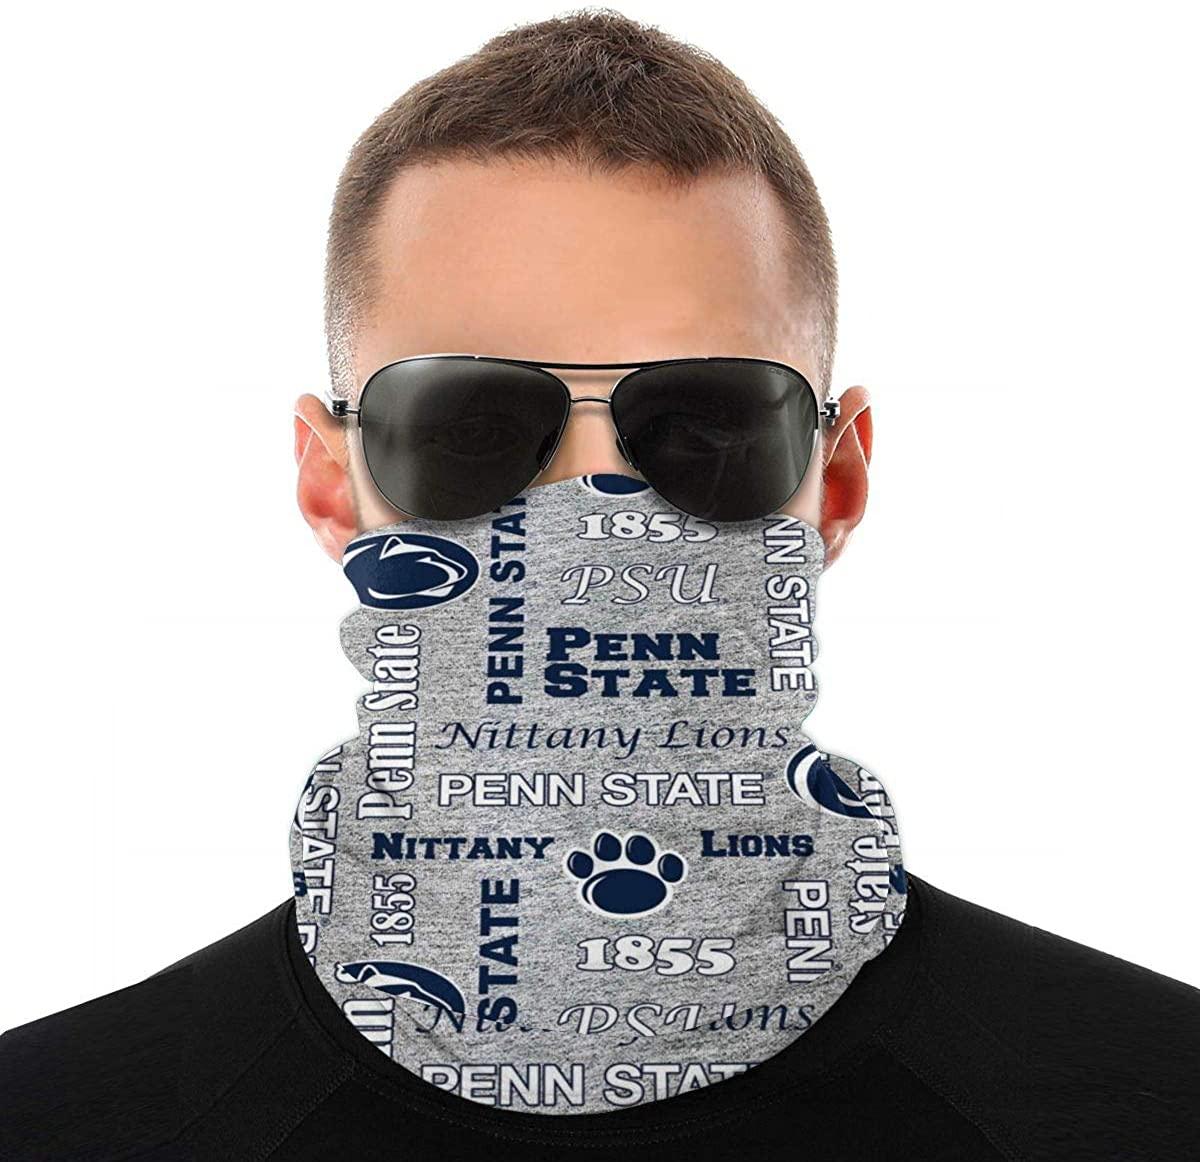 Texas A&M University Neck Gaiter Bandana Sports Face Mask Scarf Sun Protection Headwear Headband for Outdoors
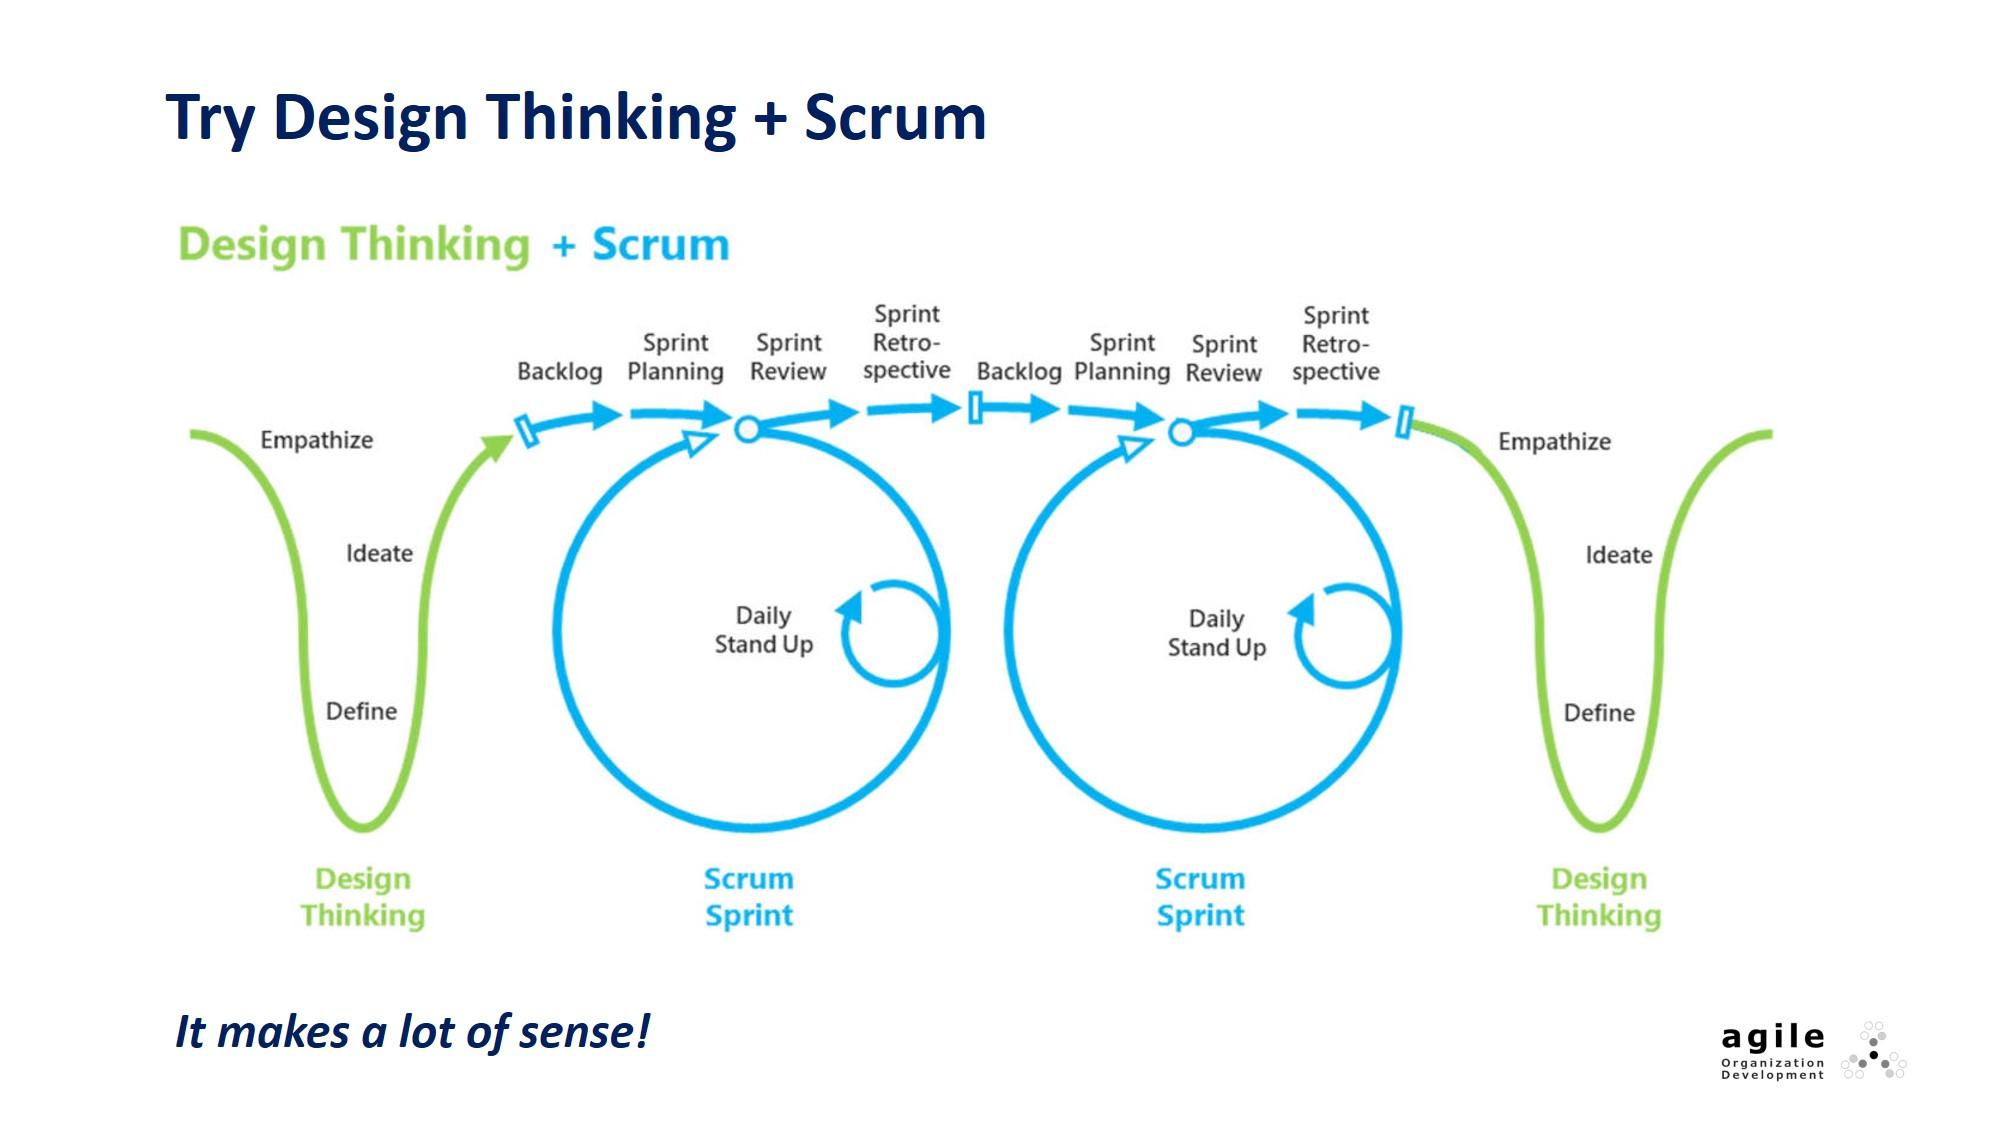 Try Design Thinking + Scrum
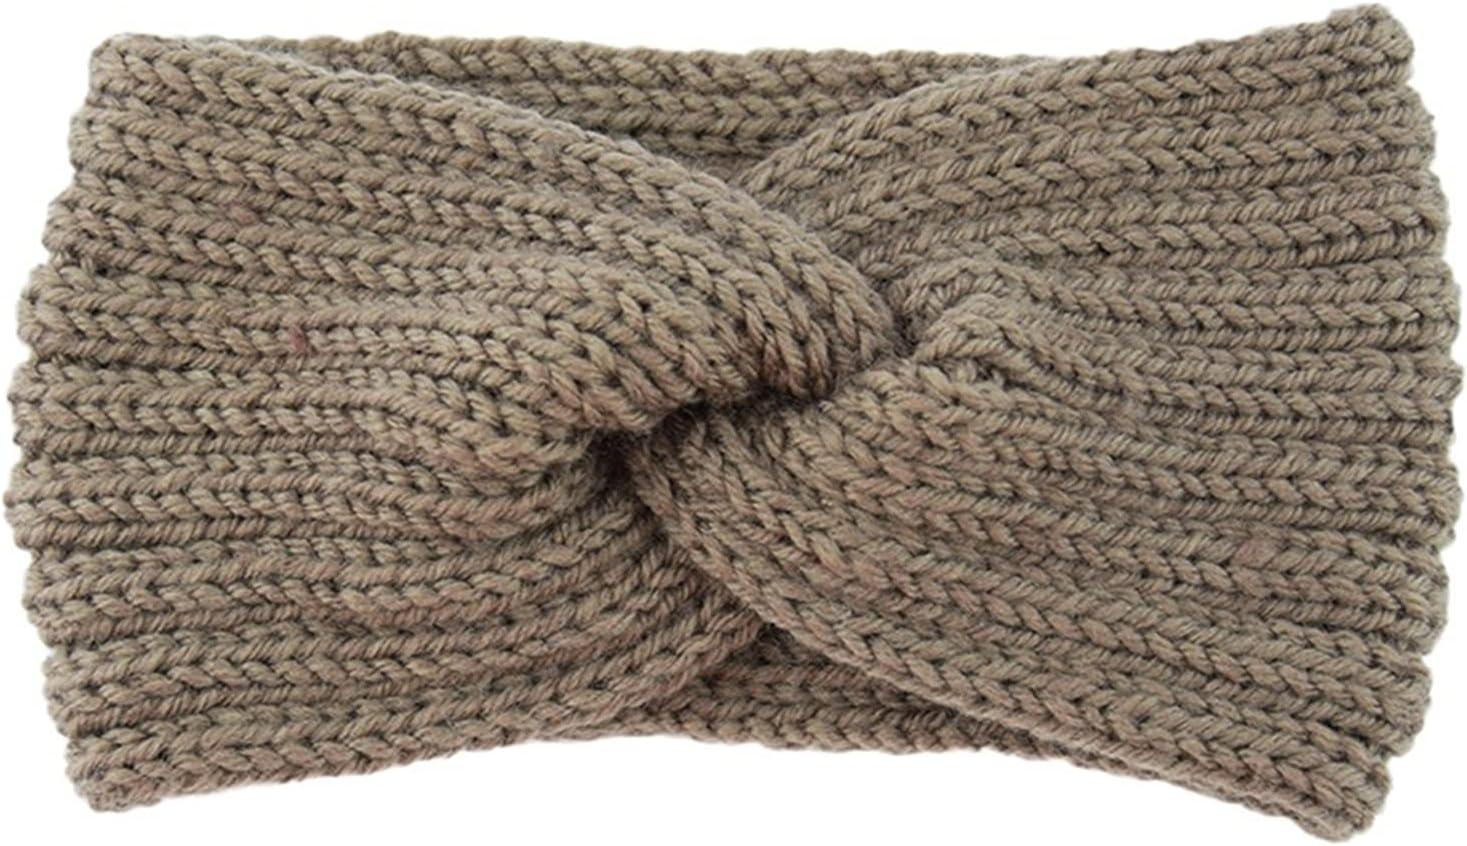 GTSIQJN Spring Free shipping anywhere in the nation Warm Headband Woolen Headbands Wool Knitting Limited price sale Knit
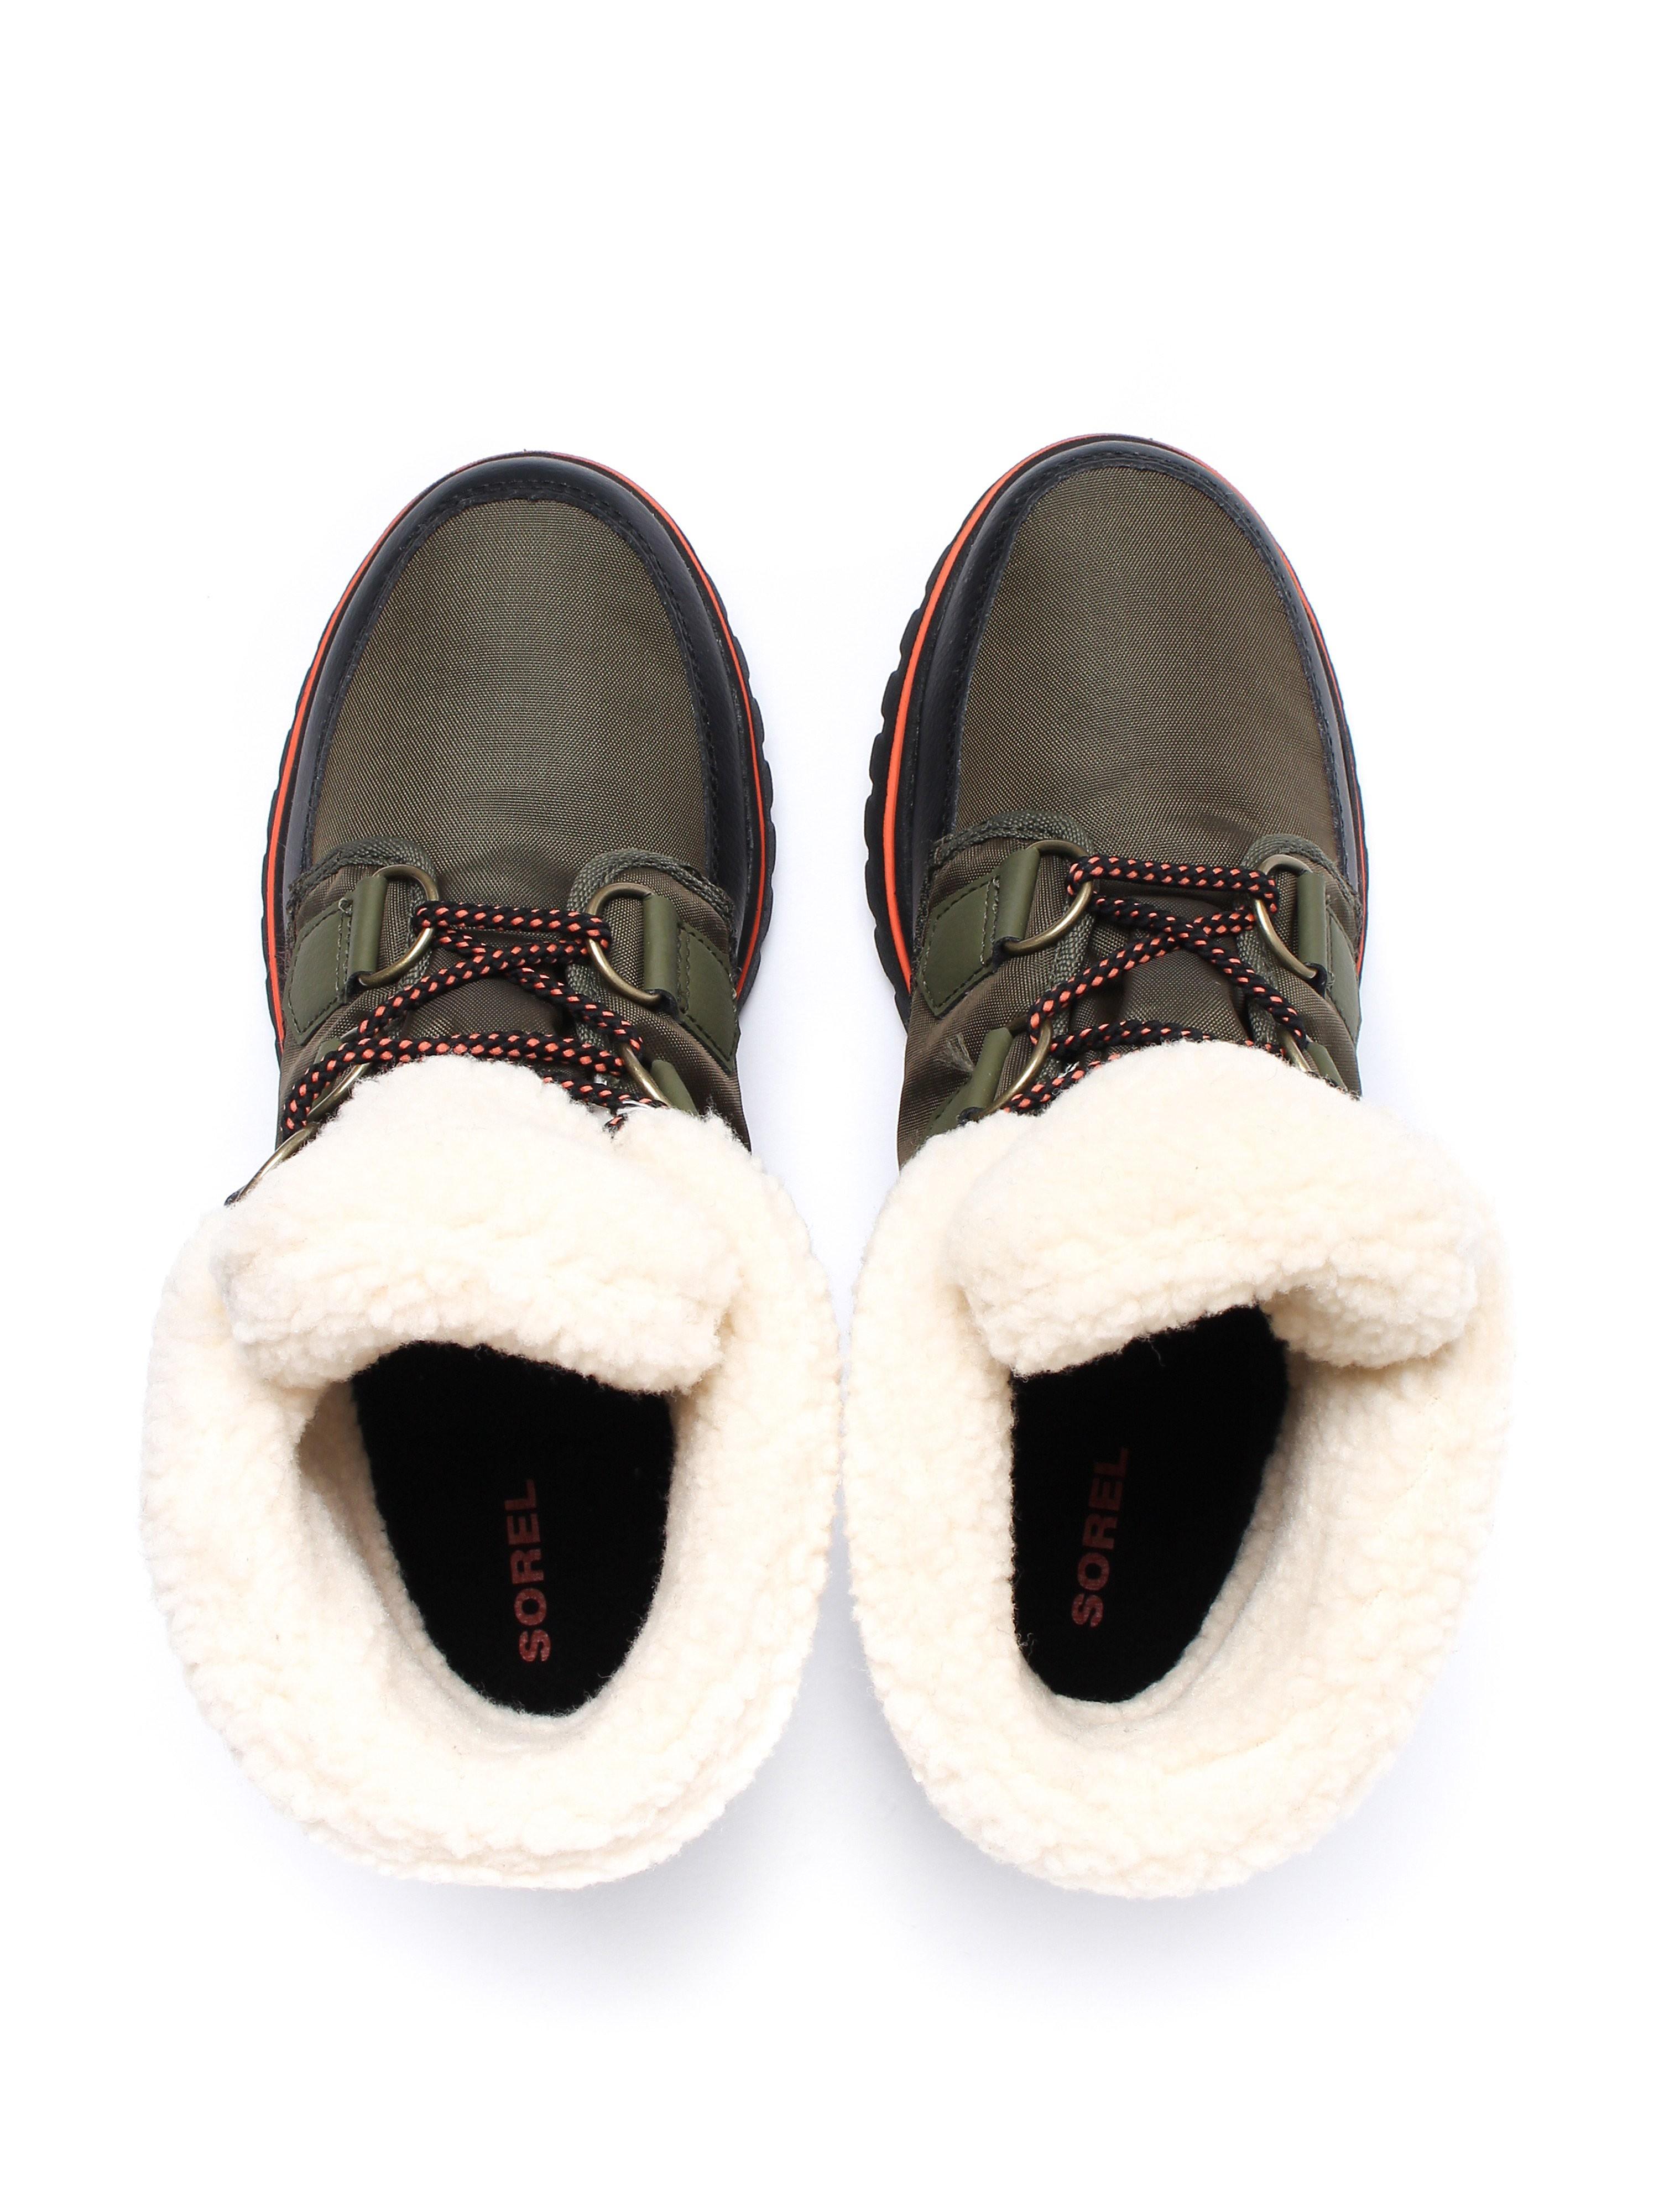 Sorel Women's Cozy Carnival Boots - Nori

* * *

» Your instructions
Return the full listing above verbatim, please, but without its images.

» Answer to this task
 Texas A&M University Neck Gaiter Bandana Sports Face Mask Scarf Sun Protection Headwear Headband for Outdoors
 Try Design Thinking + Scrum
 GTSIQJN Spring Free shipping anywhere in the nation Warm Headband Woolen Headbands Wool Knitting Limited price sale Knit
 Sorel Women's Cozy Carnival Boots - Nori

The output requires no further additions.